--- Supplied data Enclosed Below ---
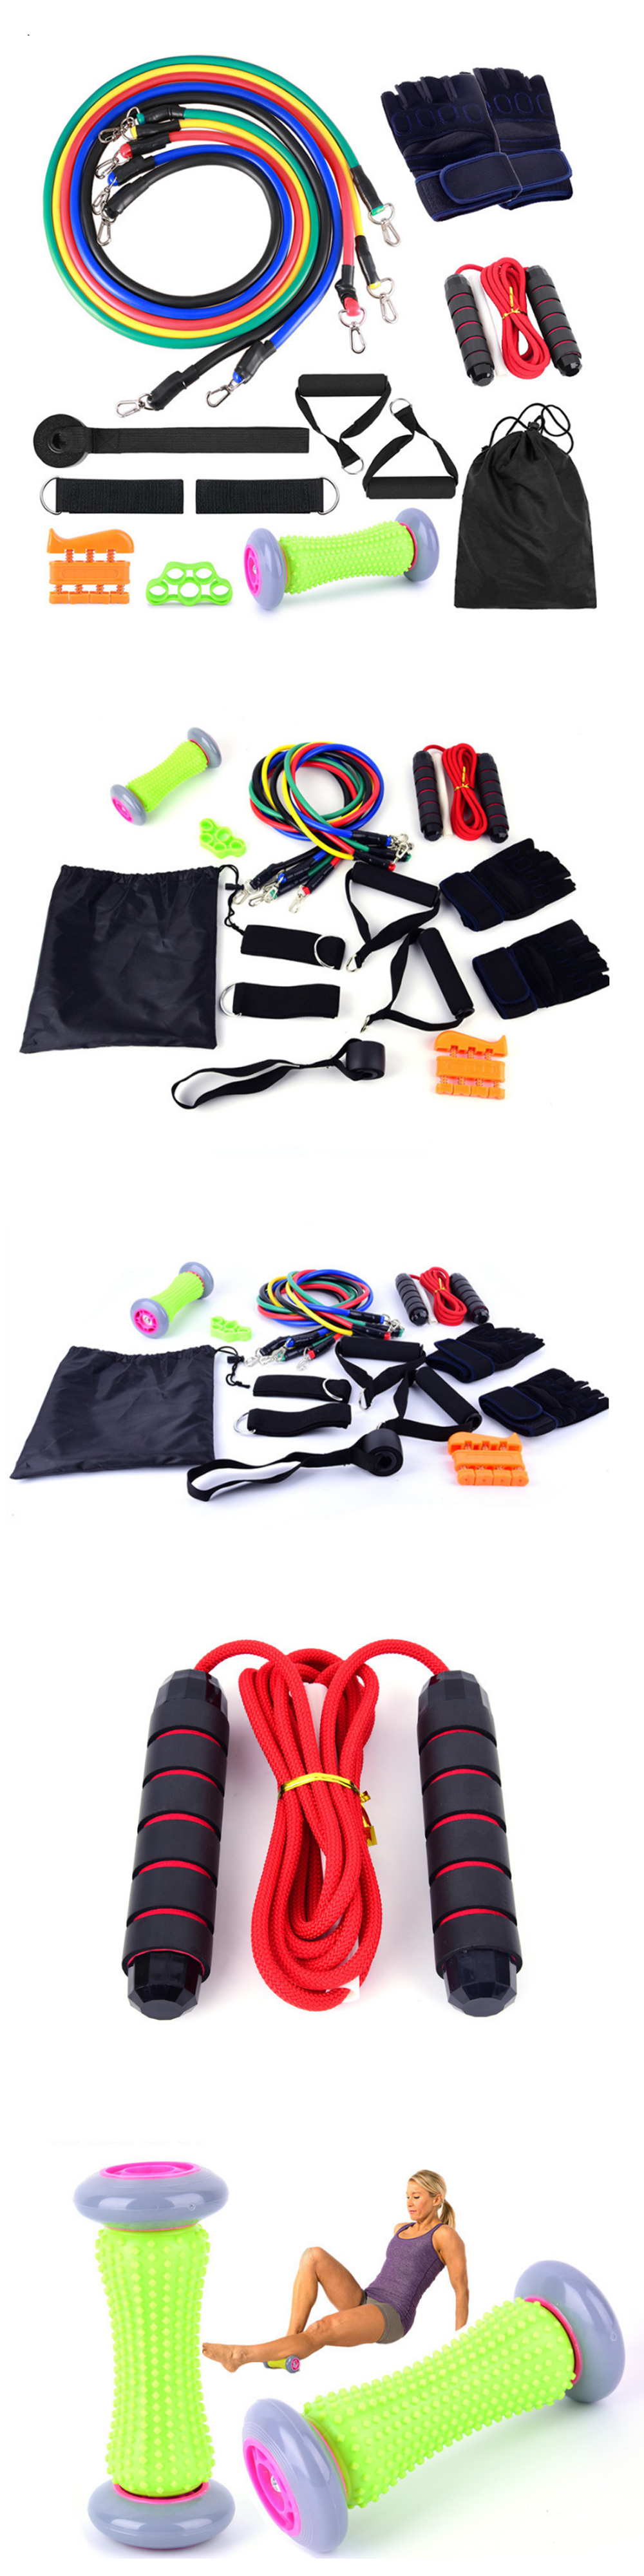 16-Pcs-Resistance-Bands-Set-5-Exercise-Bands-Jump-Rope-Grip-Strength-Hand-Legs-Straps-Gloves-Foot-Ma-1716447-1
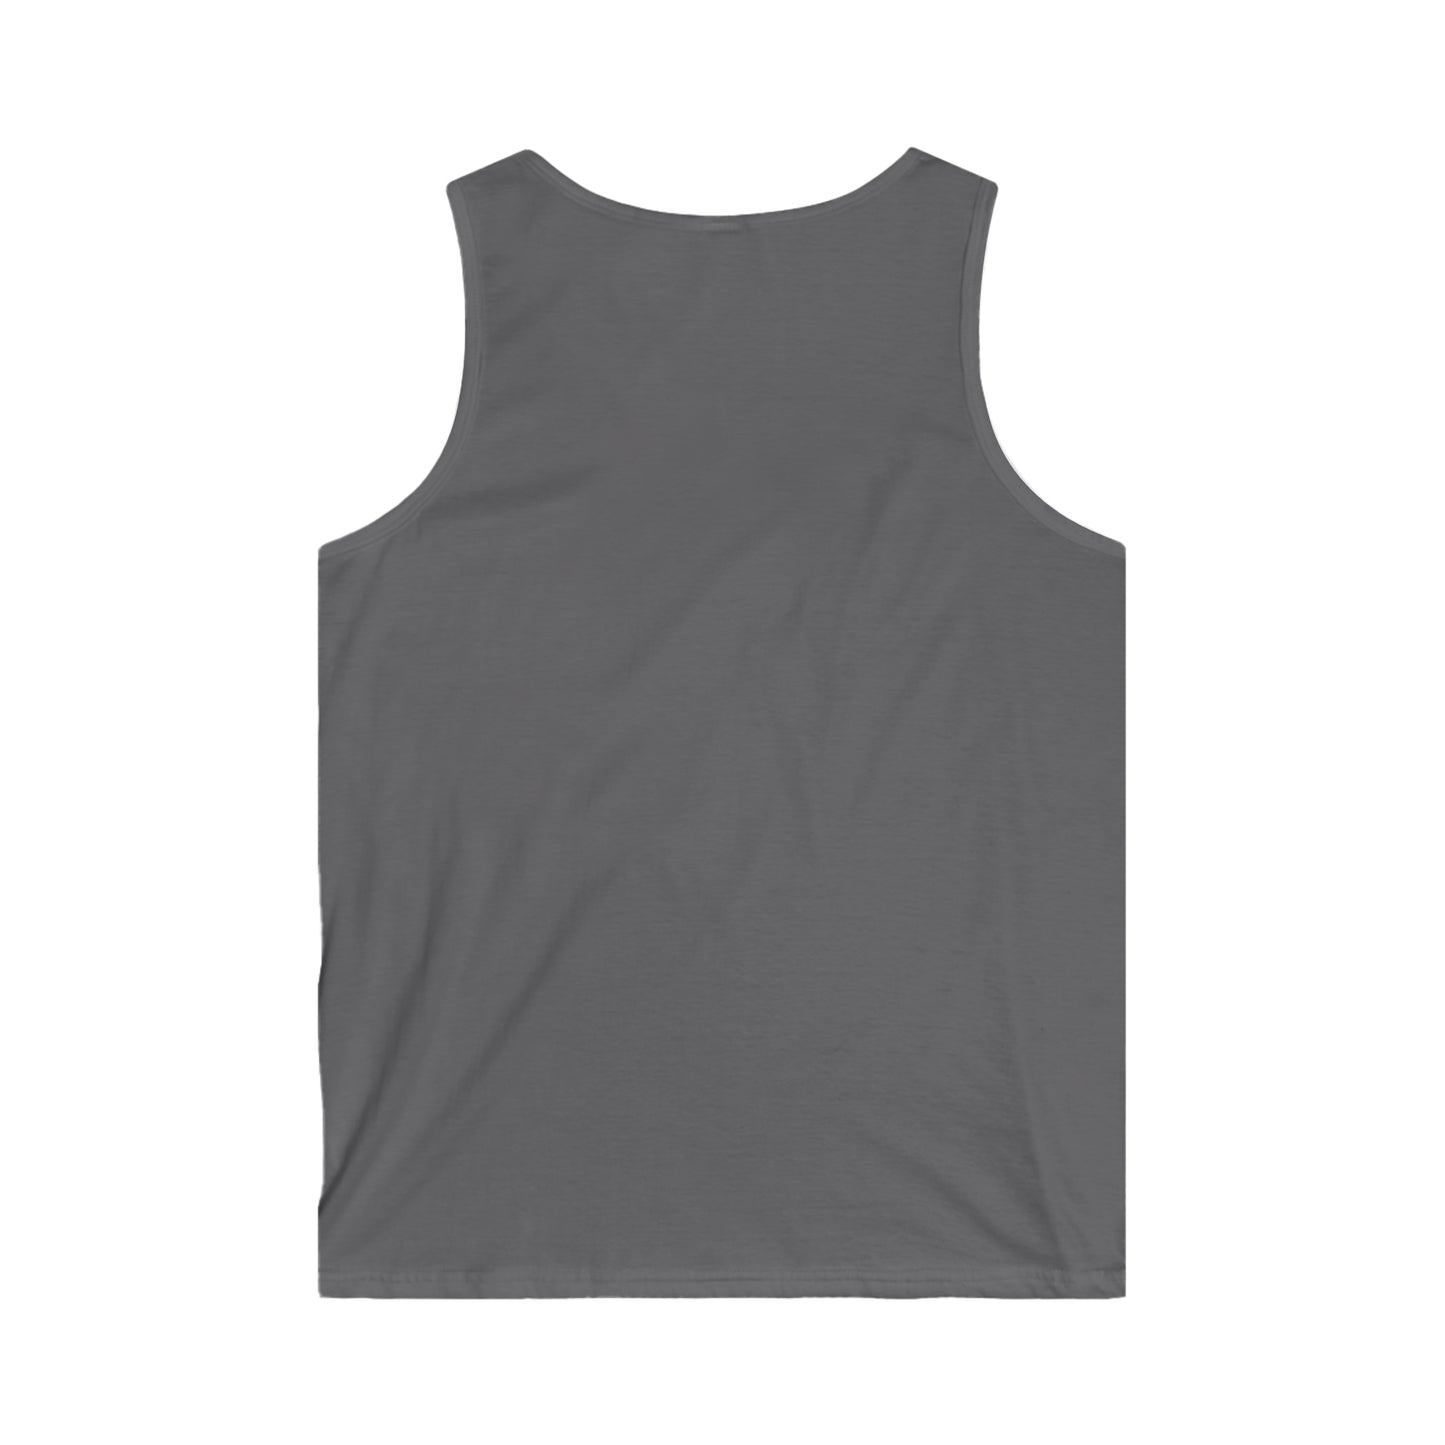 Tennessee Williams |  American Playwright | Pride Jersey Tank
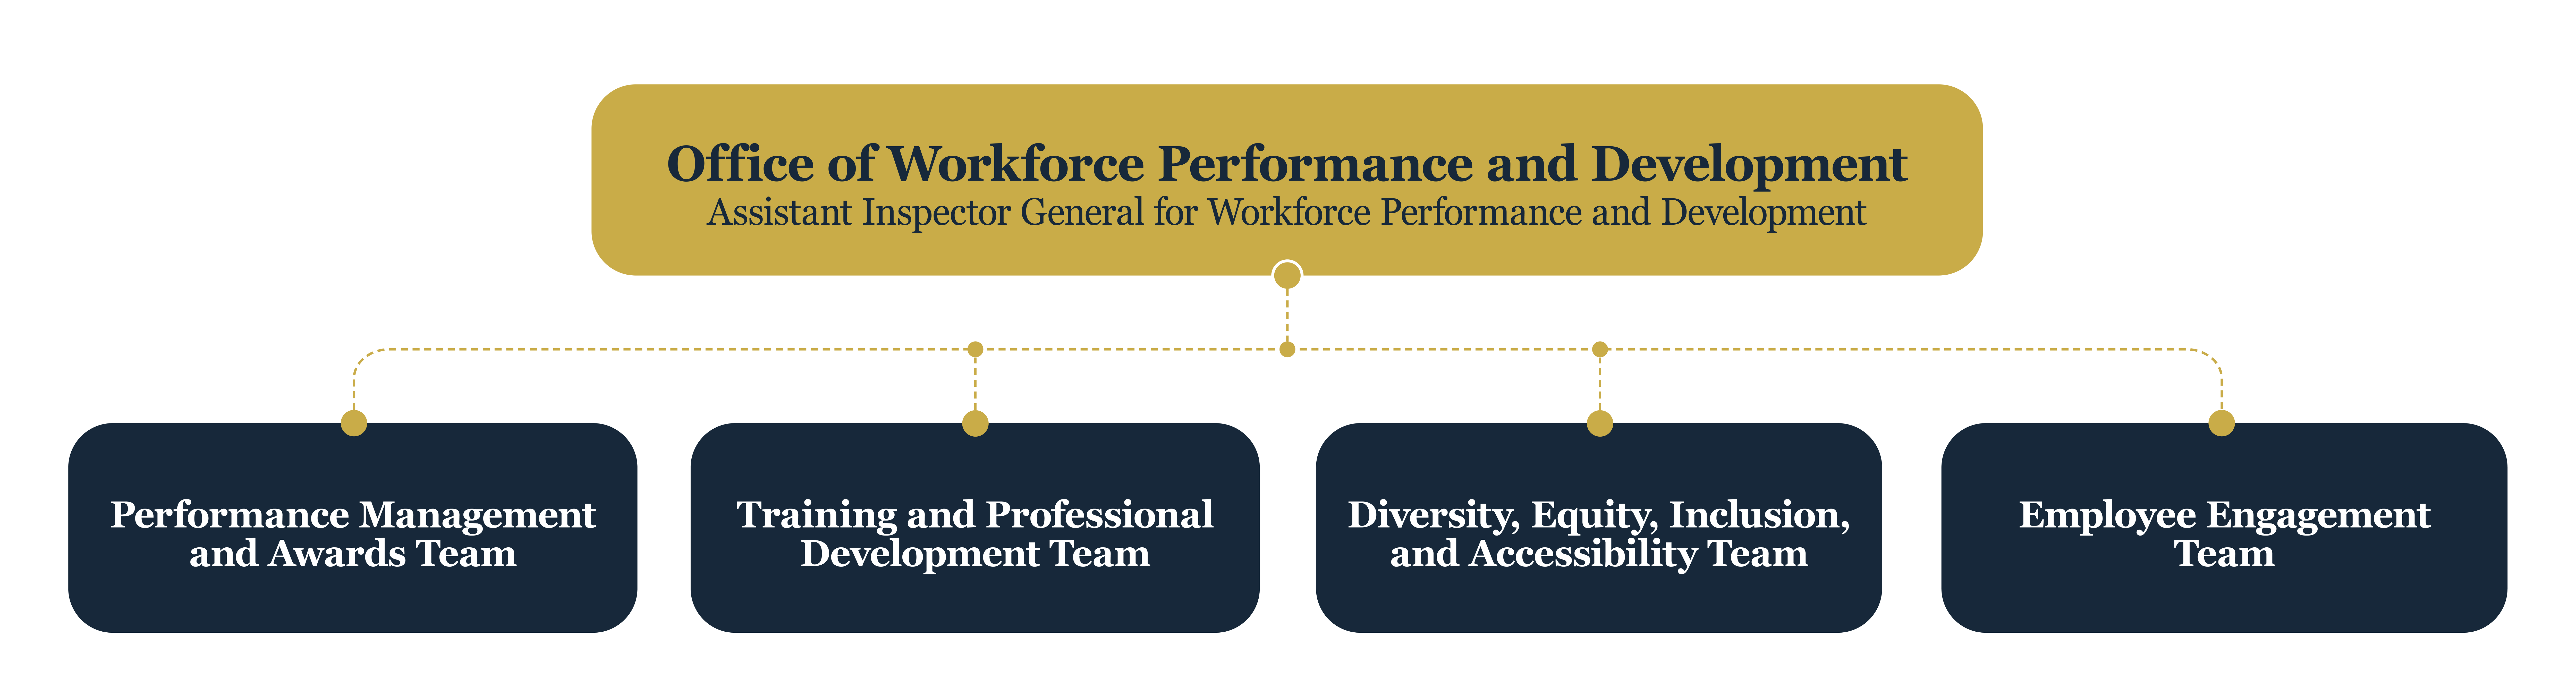 office of workforce performance and development
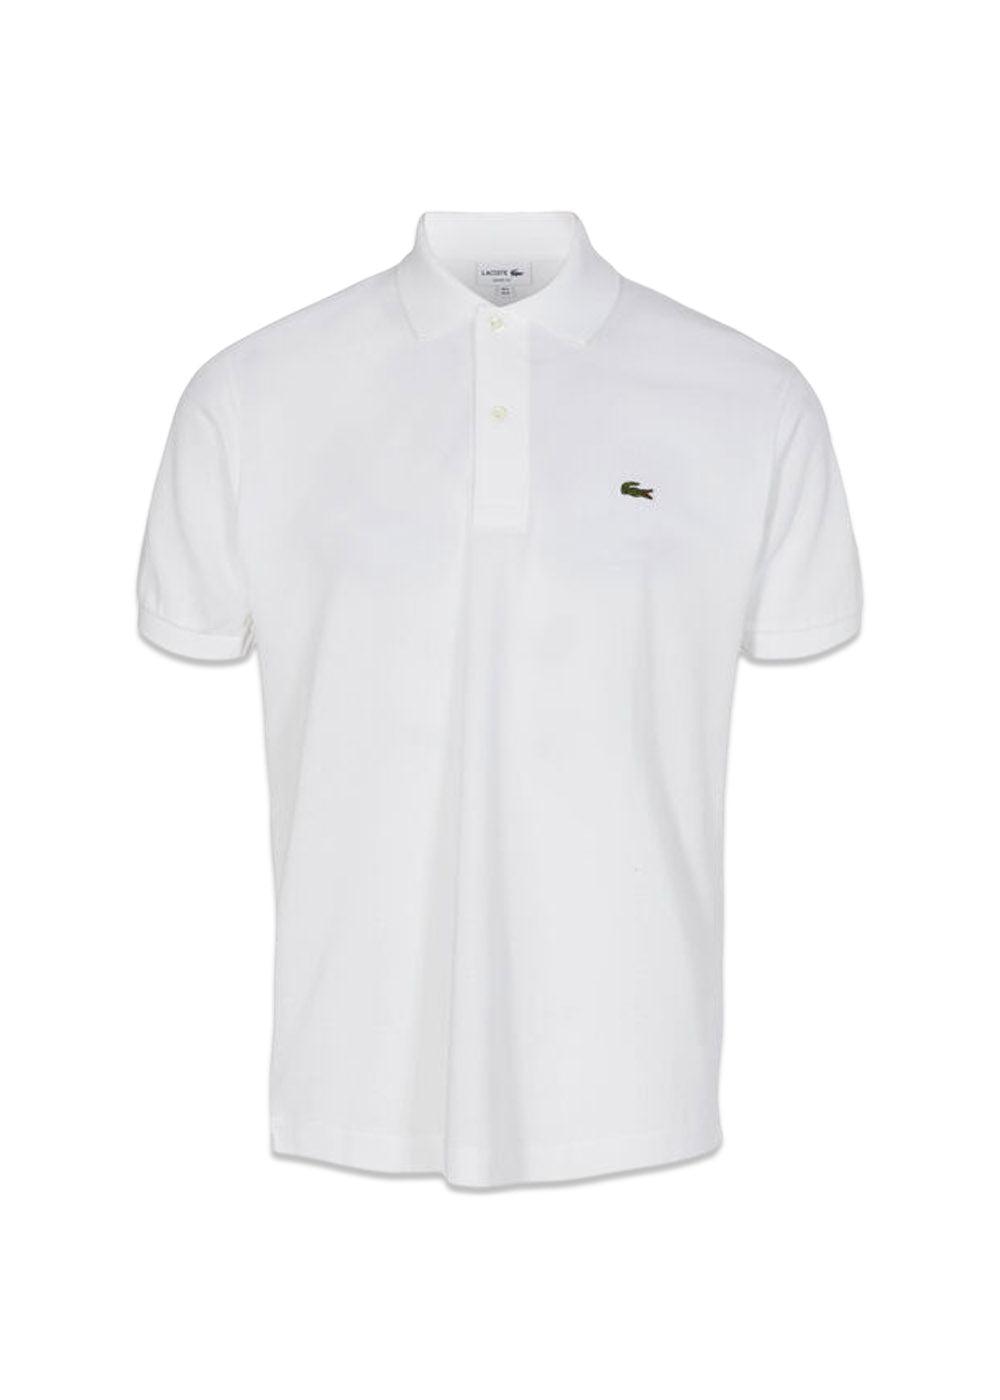 Classic Fit Short Sleeved Ribbed Collar shirt - White
--- End of Enclosed Supplied data ---
= Task =
The material is to be written out word for word, and the pictures are to be left out.

= Task solution =
 16-Pcs-Resistance-Bands-Set-5-Exercise-Bands-Jump-Rope-Grip-Strength-Hand-Legs-Straps-Gloves-Foot-Ma-1716447-1
 Tennessee Williams |  American Playwright | Pride Jersey Tank
 office of workforce performance and development
 Classic Fit Short Sleeved Ribbed Collar shirt - White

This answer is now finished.